Develop a set of contingency plans, starting with the most likely events working your way down to the least likely. It might be a lot more exciting to imagine a Mad Max-style apocalypse, but you’re far more likely to become unemployed or be forced to deal with storm damage to your home.
2. Things will rarely go according to that plan
No matter how well-trained you are and no matter how thoroughly you plan, something will always go wrong.
Despite extensive planning for a movement to contact drill in the mountains of Korea, my unit managed to get lost en-route to the objective in the mountains of Korea, arriving about six hours late around 0200. Now, I could say something about a 2nd lieutenant and a compass, but that’s largely irrelevant because anything can go wrong. You could get lost, a vehicle could break down, you could suffer an injury…the list goes on.
3. So, you always need a backup plan
The solution is to have a backup plan, and if possible, a backup plan to your backup plan. For example, prior to stepping off for a patrol, we would plan for what to do if separated from our unit. Depending on the circumstances, you might establish radio communication, rendezvous at a previous rally point, rendezvous at a new location, utilize a signal flare, etc.

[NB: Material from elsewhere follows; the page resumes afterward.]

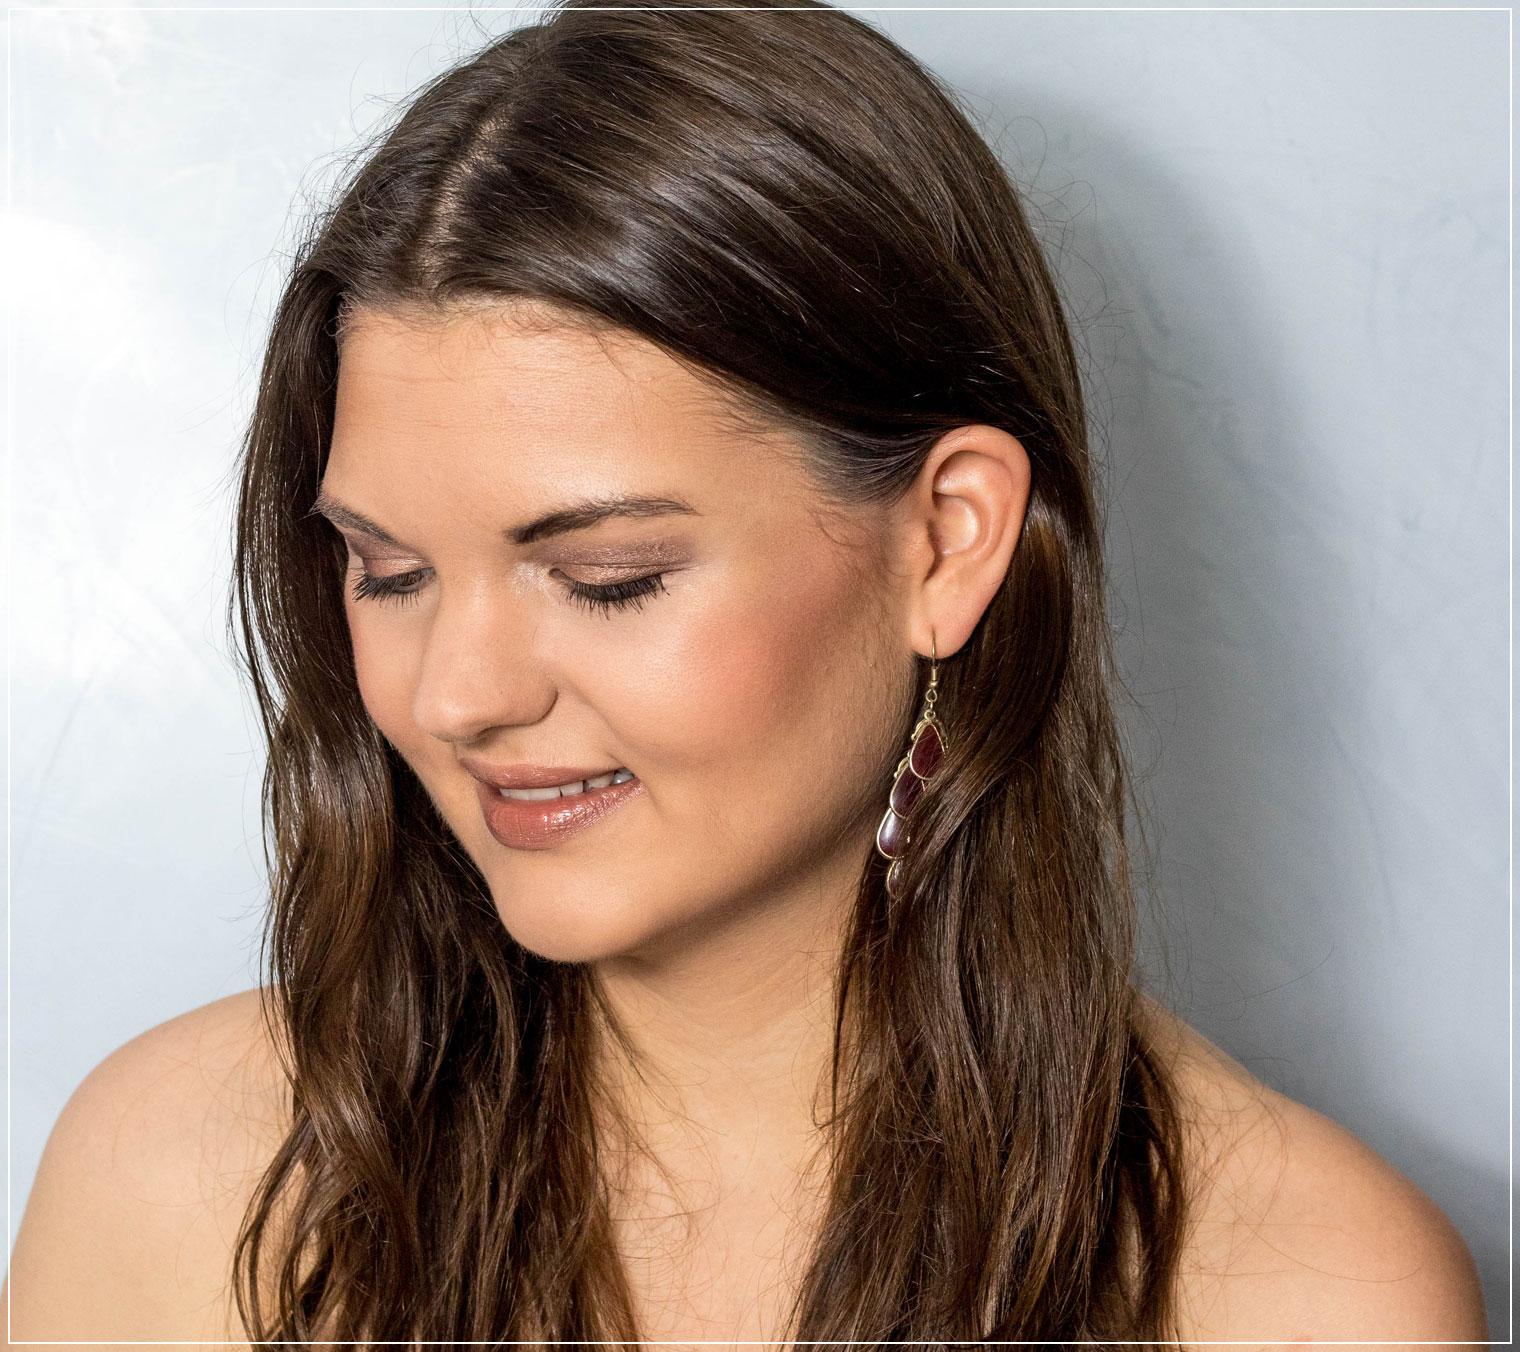 Metallic-Make-Up, Tagesmake-up, Zoeva Palette, Roségoldenes Make-Up, Beautytutorial, Make-up Tutorial, Beauty Blog, Beautybloggerin, Ruhrgebiet
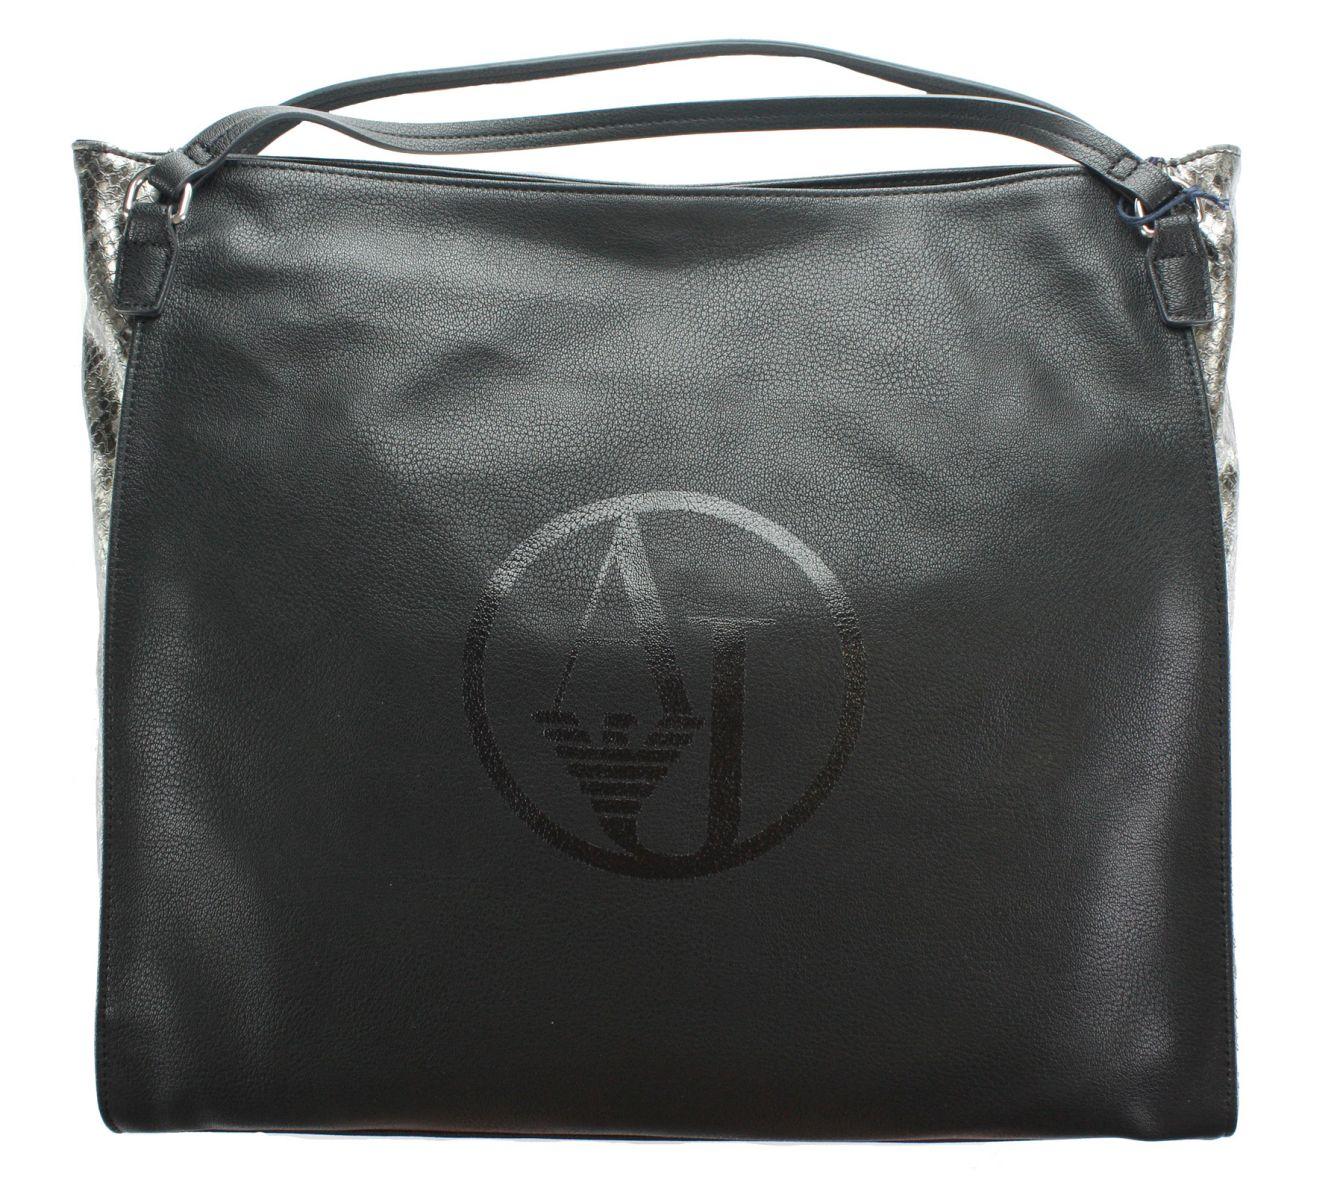 armani jeans damen bag frauen tasche schwarz mod b5251 ebay. Black Bedroom Furniture Sets. Home Design Ideas

4. Be early for everything
Have you ever arrived at an LZ (Landing Zone) after the helos have already left? I have, and it sucks because it means that you have to either extract on foot, which means walking an obscene distance with 50-100 pounds of gear, or posting security and waiting hours or even days for the next extraction window.
As a result, Marines are early for everything.
5. You can’t rely solely on yourself, so value and trust your team
I don’t care how bad-ass you are, you are not a one-man army. Whether covering overlapping fields of fire, splitting watch shifts, or managing the daily workload, prepping and long-term survival is a team effort.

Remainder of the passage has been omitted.